[Supplied material]
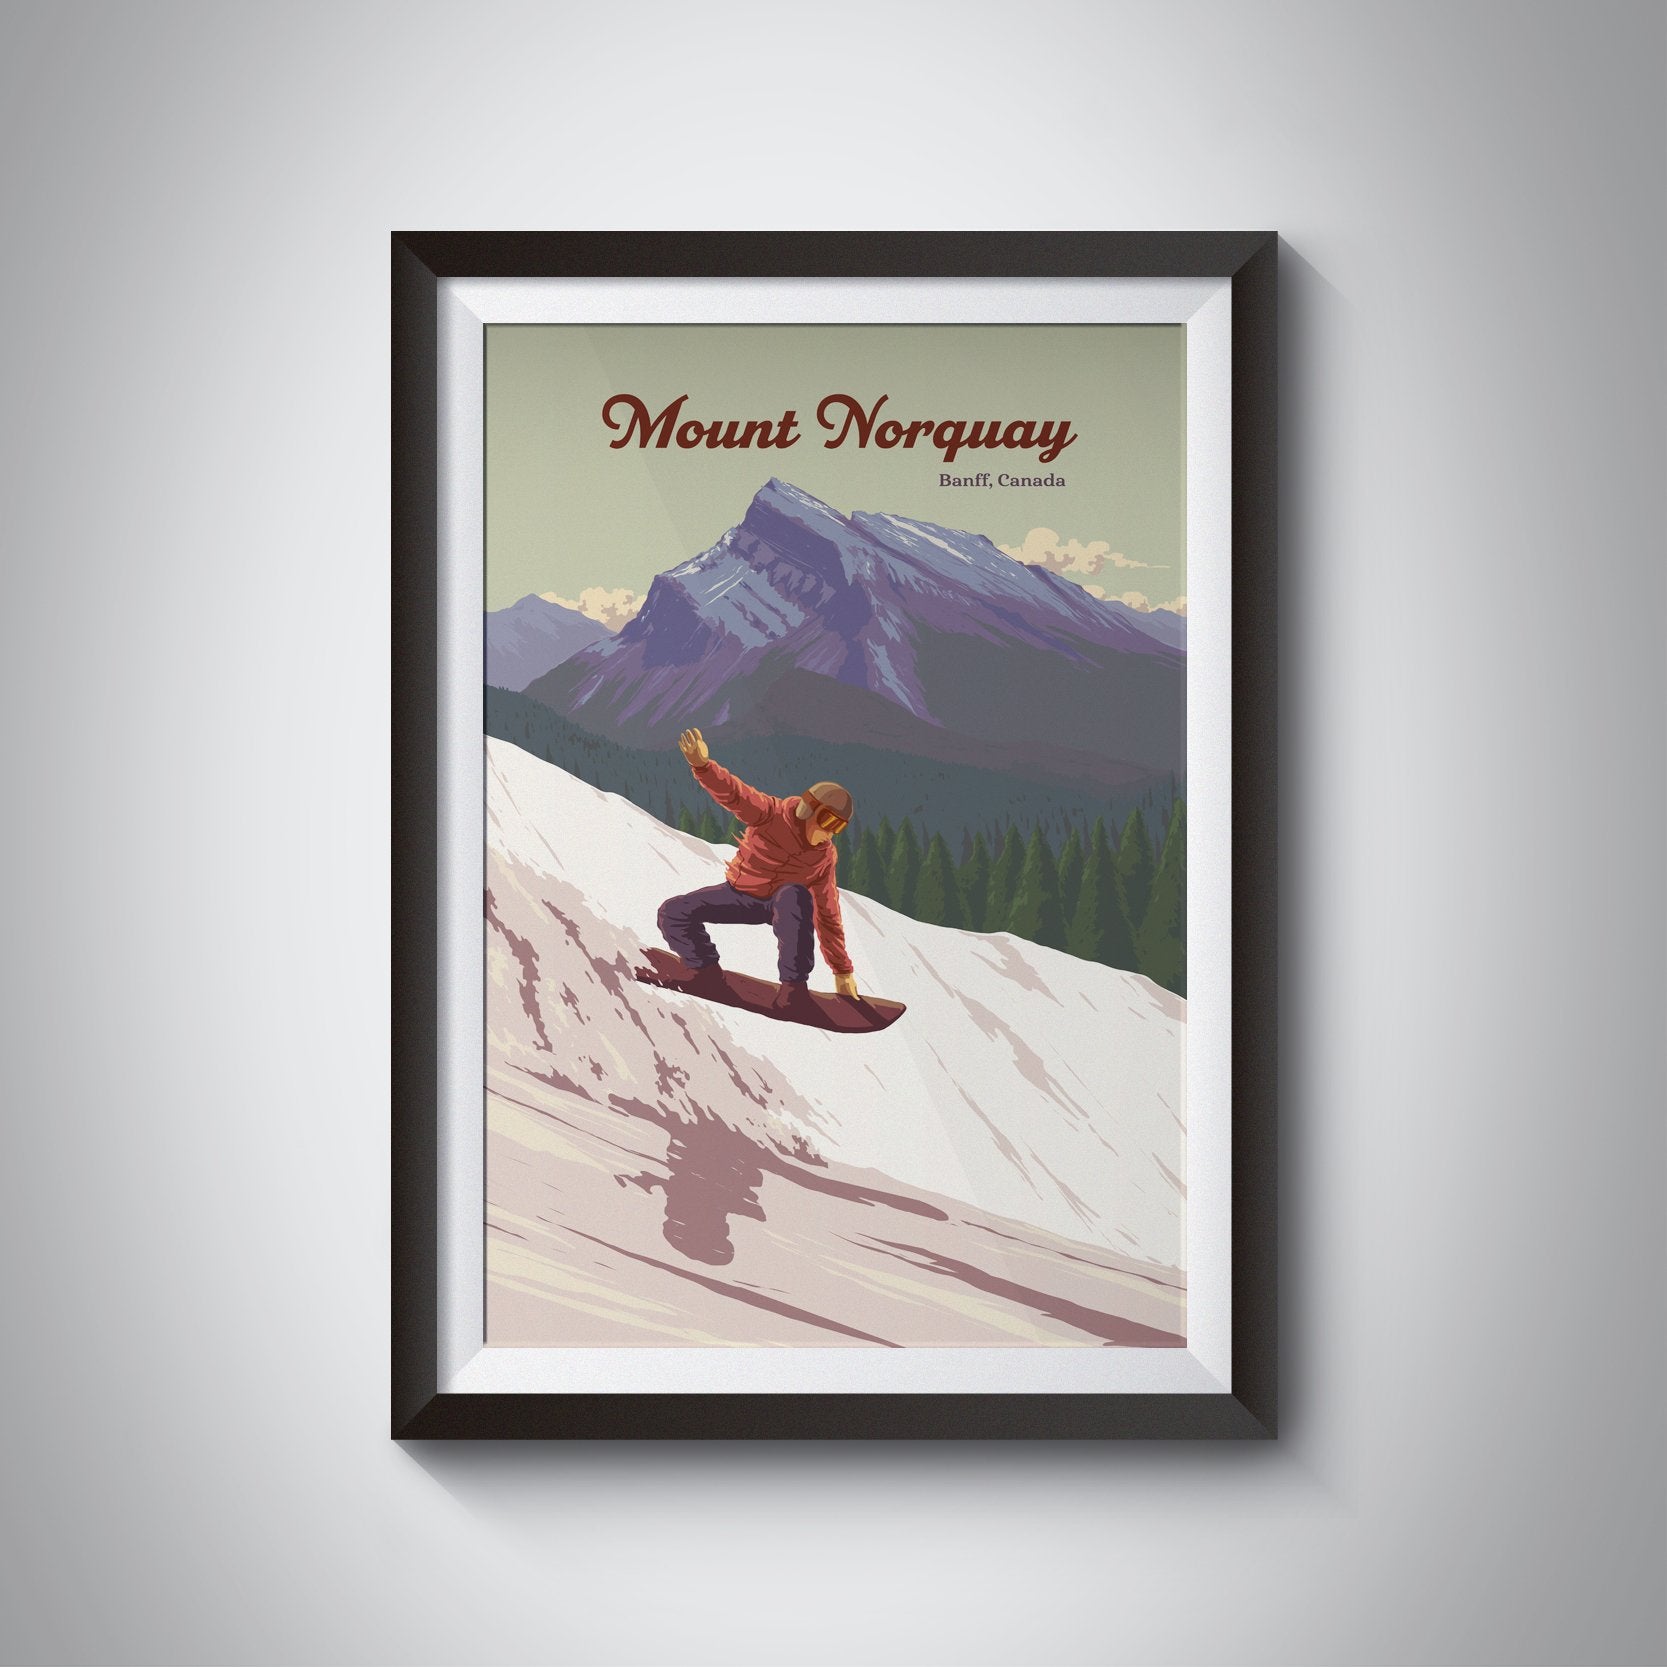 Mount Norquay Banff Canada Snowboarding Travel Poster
* * *
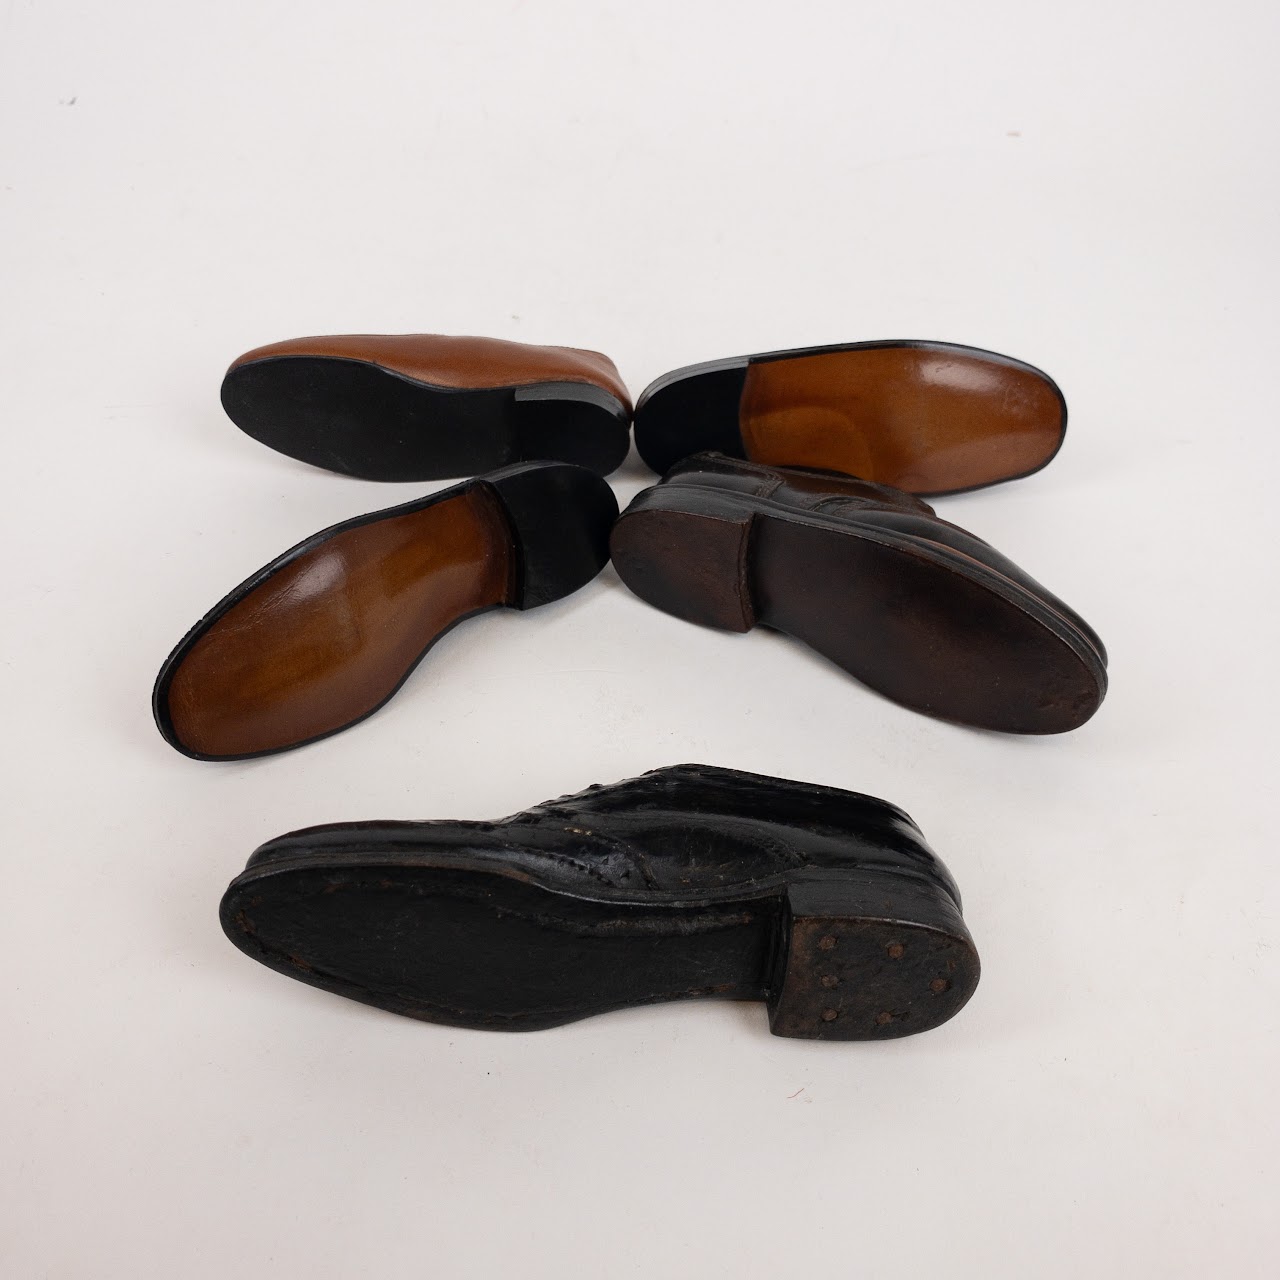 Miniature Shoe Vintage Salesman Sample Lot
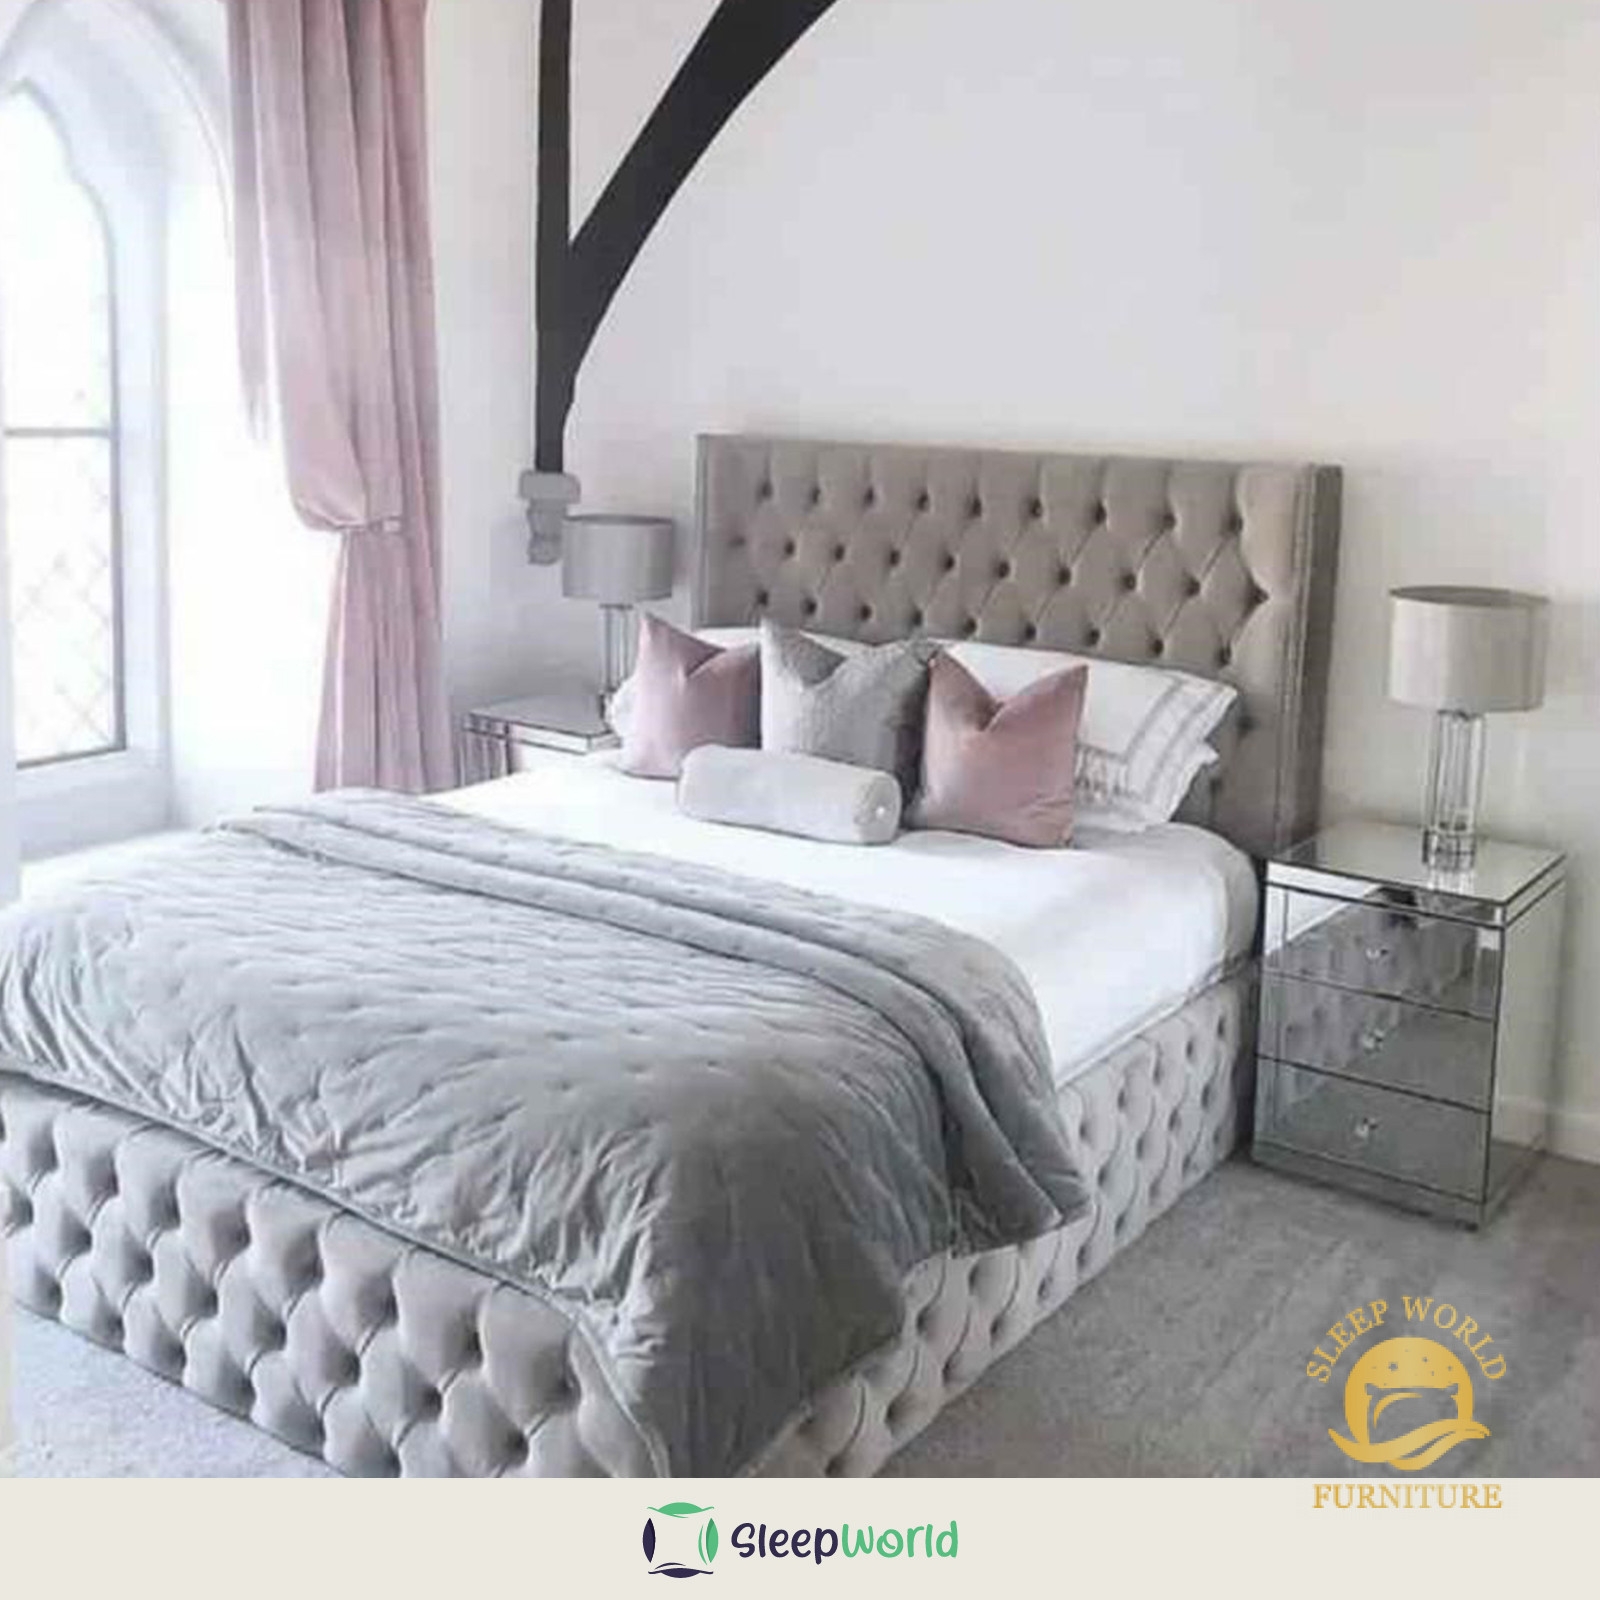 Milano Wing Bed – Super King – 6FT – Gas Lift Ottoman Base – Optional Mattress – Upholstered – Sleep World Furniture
* * *
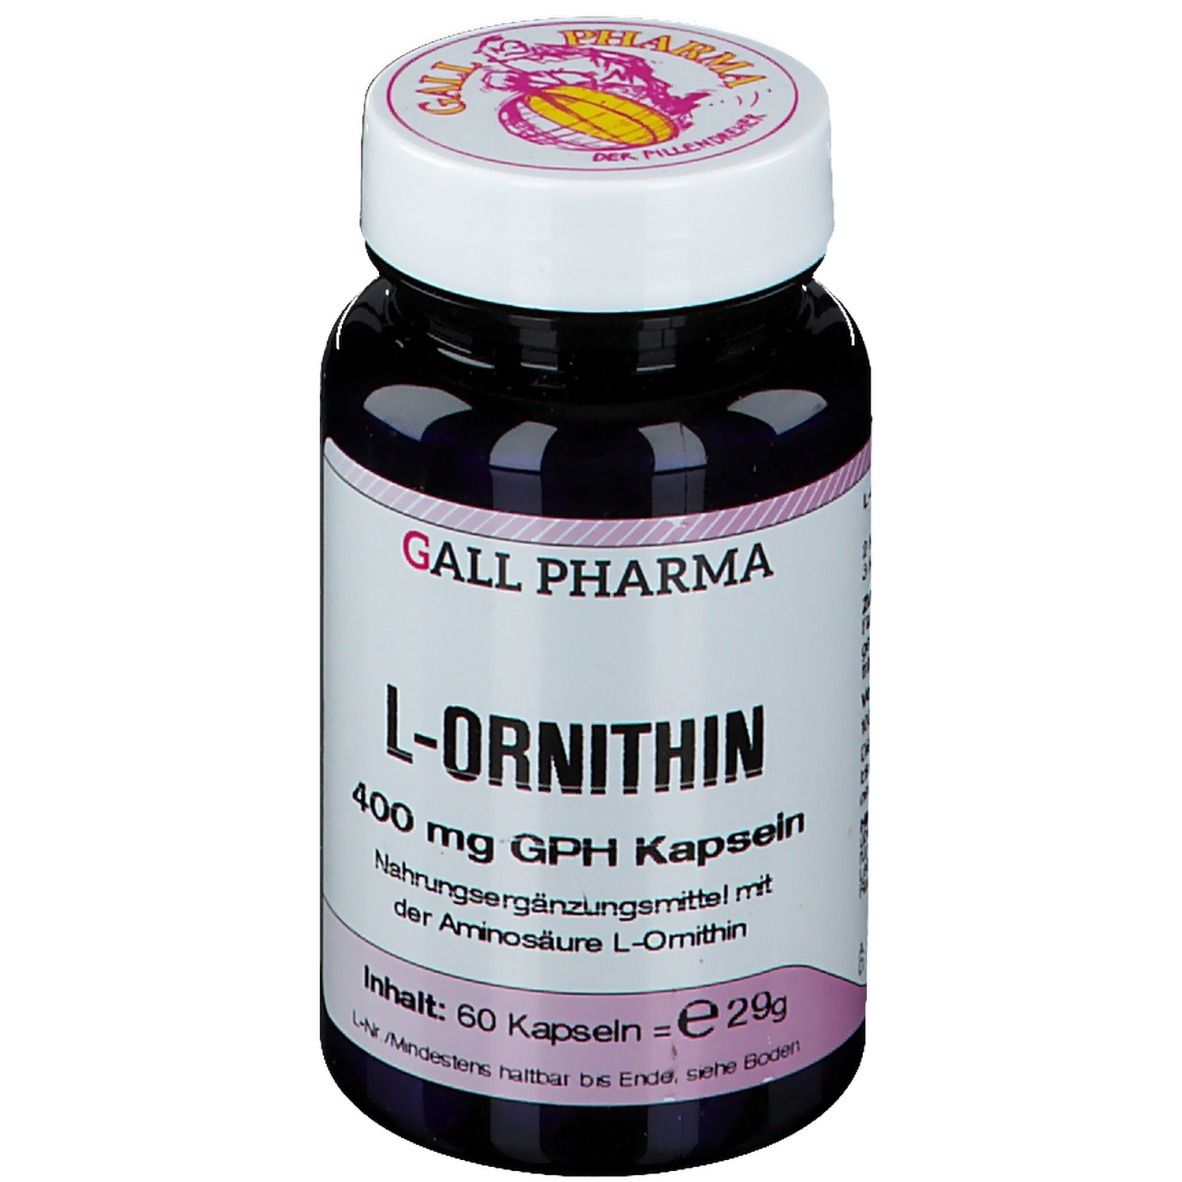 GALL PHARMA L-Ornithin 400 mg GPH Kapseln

[What is being asked] Copy out the listing above from the line containing "Miniature Shoe Vintage Salesman Sample Lot" to the line containing "Milano Wing Bed", both included, exactly as written and minus the images.

[Answer area]
 Miniature Shoe Vintage Salesman Sample Lot
 Milano Wing Bed – Super King – 6FT – Gas Lift Ottoman Base – Optional Mattress – Upholstered – Sleep World Furniture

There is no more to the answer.